Солдаты тотчас же окружили Яна.
— В самом деле, у тебя нет листовки? Никого же нет, давай!.. Нет? Окончательно? А что такое Танненберг, ты знаешь, по крайней мере?
— Кому и знать, как не мне, — угрюмо проговорил Ян и тронул странный, кривой зубчатый шрам на щеке. — Вот он — Танненберг. Это был бой…
— Ты участвовал? В прошлую войну? Но ты же на ней не был. Как же ты…
— Бой был пятьсот лет назад, бычья голова. Не я, а прадед моего деда или еще старше, пращур, одним словом, тот действительно дрался при Танненберге.
— Пращур?
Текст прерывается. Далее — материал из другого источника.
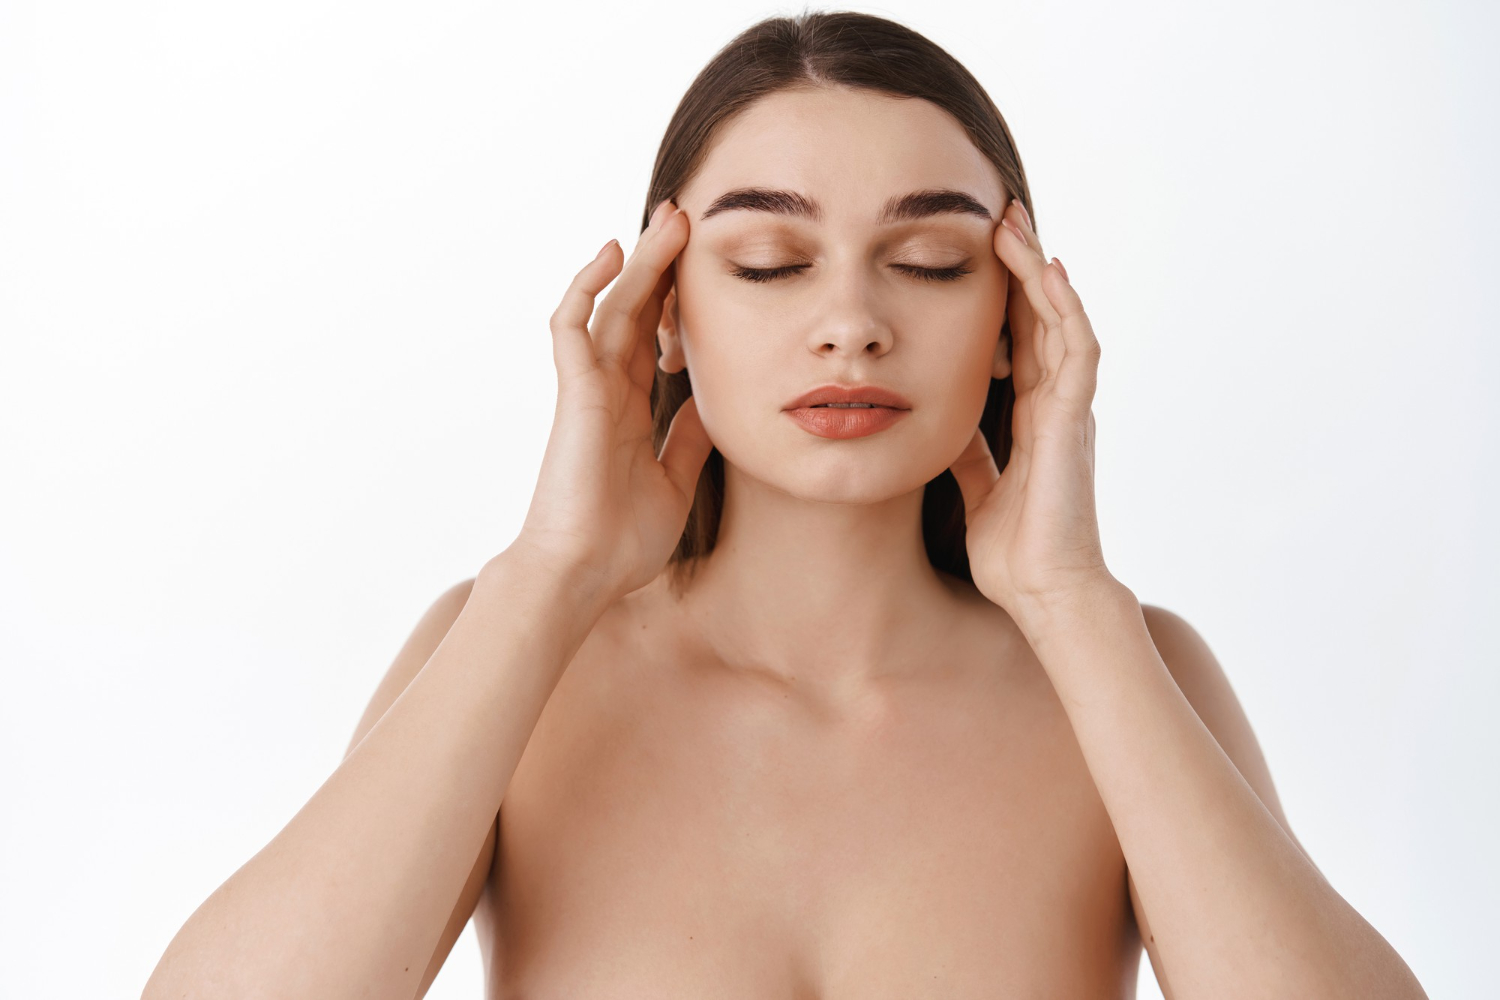 O esqualano possui alto potencial de hidratação, sendo muito utilizado nos cosméticos para a pele e o cabelo

А твоя щека при чем?
— При том, что пращур мой принес с того боя рыцарскую стальную перчатку: при Танненберге чехи с другими славянами — русскими, поляками, литовцами — били немецких рыцарей.
— Вот оно что!
— Верно или нет, но в семье нашей предание, будто это перчатка самого великого магистра, главнокомандующего, так сказать, рыцарей: пращур приколол его.
Войтек из Подебрада, самый сильный рядовой в роте, ударил себя по колену.
— Вот это лихо! Главнокомандующего! Если б полковник знал, он произвел бы тебя в унтер-офицеры.
— Перчатка висела у нас на стене, так уж из поколения в поколение повелось. Вы ж понимаете: семейная память. Трофей. Как знамена в соборе. Ну вот, когда немцы пришли и двинулись обходом по домам и квартирам, как только они вошли в комнату…
— Опознали перчатку? Быть не может!
— Чья перчатка, они догадаться не могли, конечно, но что это немецкая рыцарская и трофейная, нельзя было не узнать, так как над перчаткой была надпись: «Танненберг, 1410». Это они помнят. И старший из коричневых рубашек сорвал перчатку тотчас со стены и хряснул меня ею по щеке так, что сбил с ног, а щеку пробил до кости.
— Арестовали тебя?
— Ну, конечно. Три месяца пробыл в тюрьме, все прошел, что полагается. Наконец невтерпеж стало, заявил о желании идти к ним в армию добровольцем сражаться во славу фюрера.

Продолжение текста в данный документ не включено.